Sunum ne kadar hoş olsa da, çok lezzetli bir şey yerken;
konser performansı ne kadar etkileyici olsa da, o müthiş şarkıyı dinlediğimizde…
Veya;
öperken,
koklarken,
hatta sevişmenin en güzel anında…
Neden kapanır ki gözlerimiz?
——
Sonradan ekonomik refaha kavuşan,
torunlarına bile yetecek kadar parası olan zenginler…
Nasıl bir düşünceyle ‘sonradan’ cimrileşiyorsunuz?
Eskiden çok daha cömert değil miydiniz?
——
Şerefe derken, karşındakinin ‘gözüne içine bakarak’ yudumlamak içkini…
Sahi, neden bu kadar zor?
——
O an birlikte olduğunuz kişiyi ne kadar özlemiş veya ne kadar severseniz sevin…
Konuşulan konu da ne kadar önemli olursa olsun.
Kimin cebi çalarsa,
arayan günde beş defa konuştuğunuz biri bile olsa,
açılır hemen o telefon.
Cep telefonundan arandığında cevap vermek, nasıl oluyor da ‘her şeyin’ önüne geçebiliyor?
——
Eskilerin arasına yeni birini tanıştırınca, geç kalmaz şu soru:
“nereden arkadaşsınız?”
Okul, iş, askerlikse cevap, tatmin eder karşı tarafı.
‘Ortak arkadaş vasıtasıyla’ da iyi cevaptır.
Ya sokakta nedensiz gidip merhaba dediğin biriyse o.
Hatta internetse…
Önemlidir nereden tanıştığımız!
İlk tanışma anımıza göre mi karar vereceksin?
——
Yaptıklarım yapacaklarımın garantisi der gibi ‘özgeçmiş’ gönderiyoruz iş başvurularına.

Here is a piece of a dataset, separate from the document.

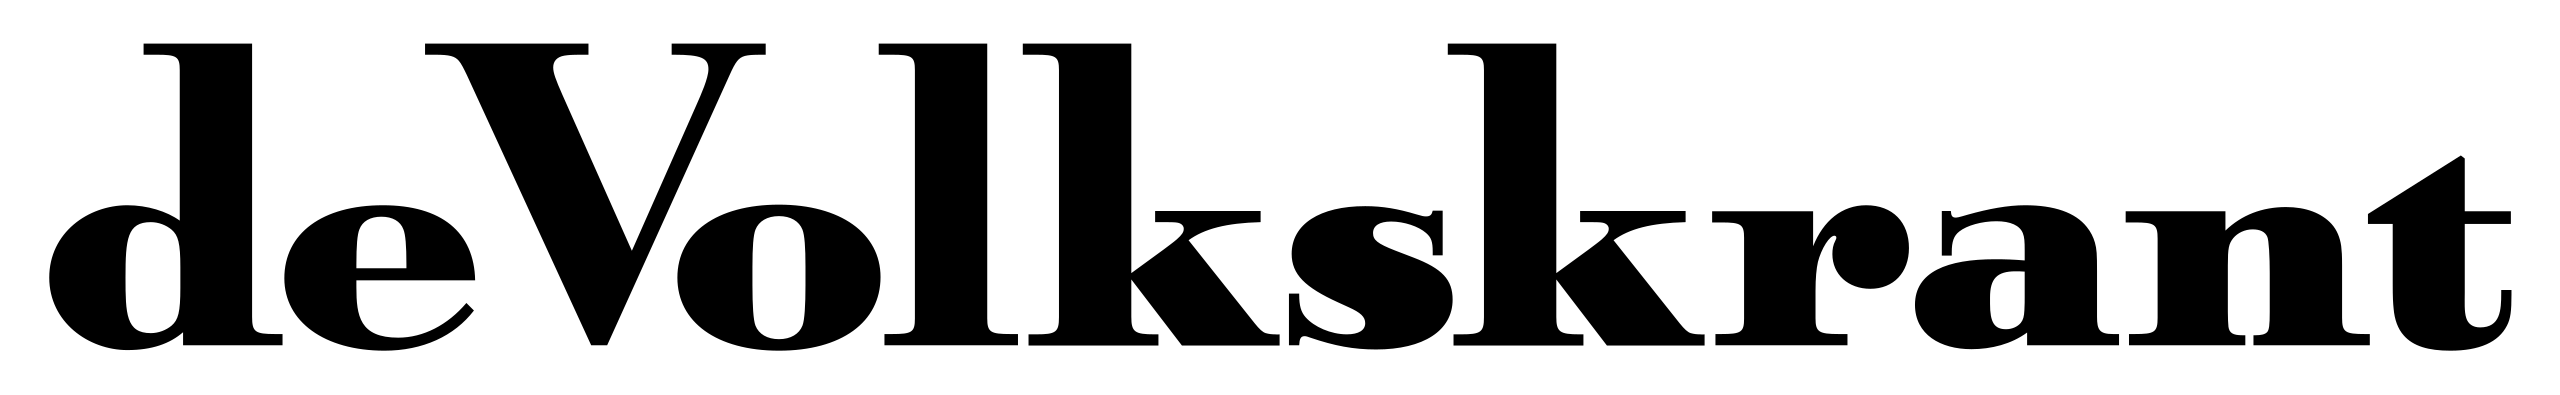 Volkskrant logo breed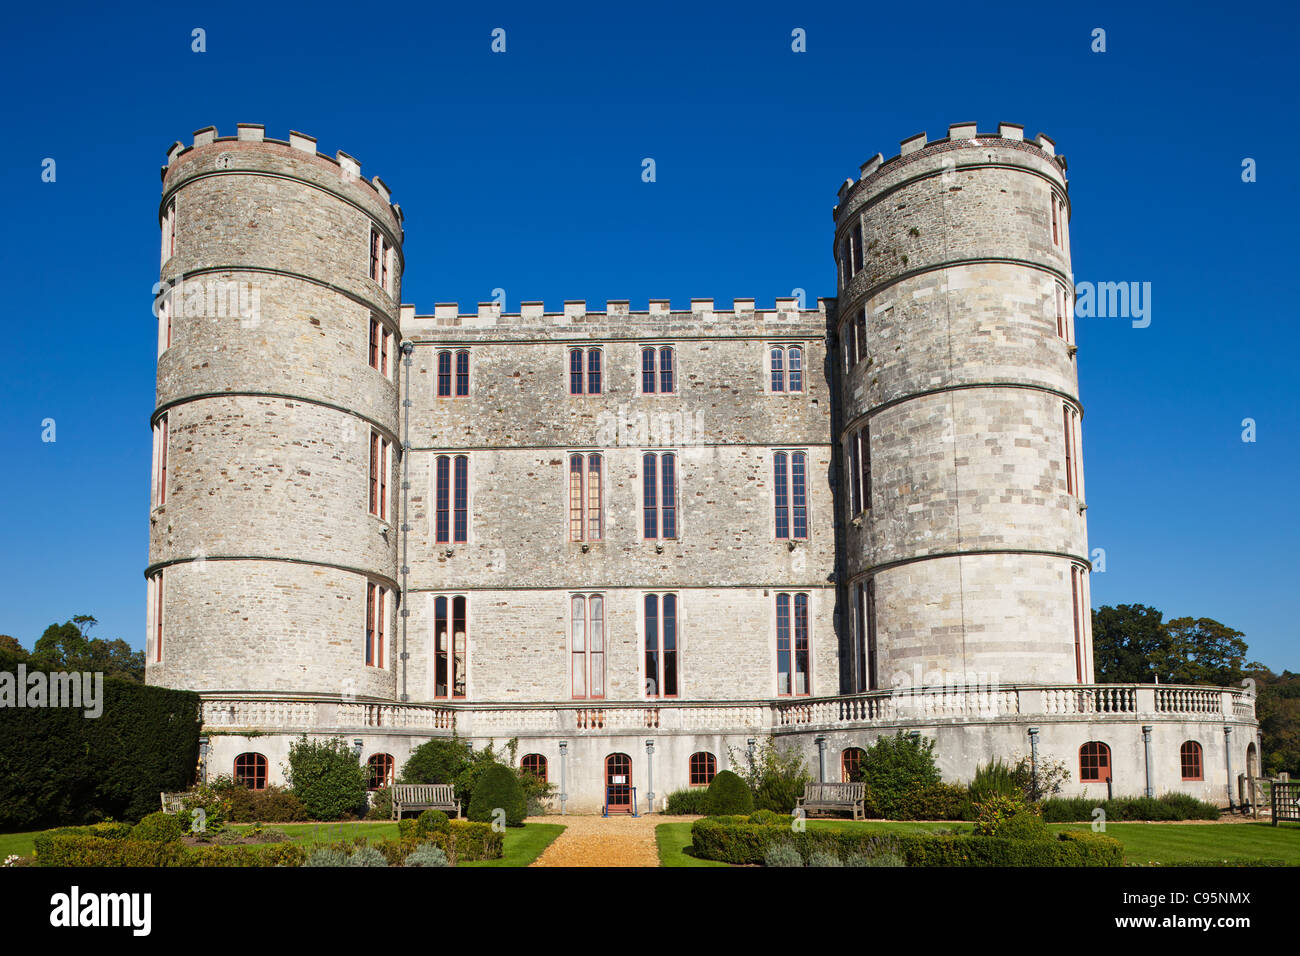 England, Dorset, Lulworth Castle Stock Photo

İnsan sürekli değişen bir varlıksa,
kendi tutku ve hayallerini de en iyi kişi kendisi bilirse;
Neden gönderilen hala ‘özgelecek‘ değil?
——
Bundan 300-500 sene önce yaşayan insanlara bugün;
“nasıl böyle şeylere inanabilmişler” diyorsak,
bunun ileride bizim için de söylenmesi o denli doğal karşılanmalı.
O zaman neden iddialaşır ki insanlar?
—–
Bizler; uçsuz bucaksız, sınırsız bir evrende;
kısıtlı bir coğrafyaya sıkışmış,
çok kısa yaşayan ufacık varlıklarsak…
Bazıları nasıl oluyor da ‘dünyayı ben yarattım’ edasıyla prim yapabiliyor?
Daha da önemlisi, biz nasıl aldanıyoruz bu kişilere?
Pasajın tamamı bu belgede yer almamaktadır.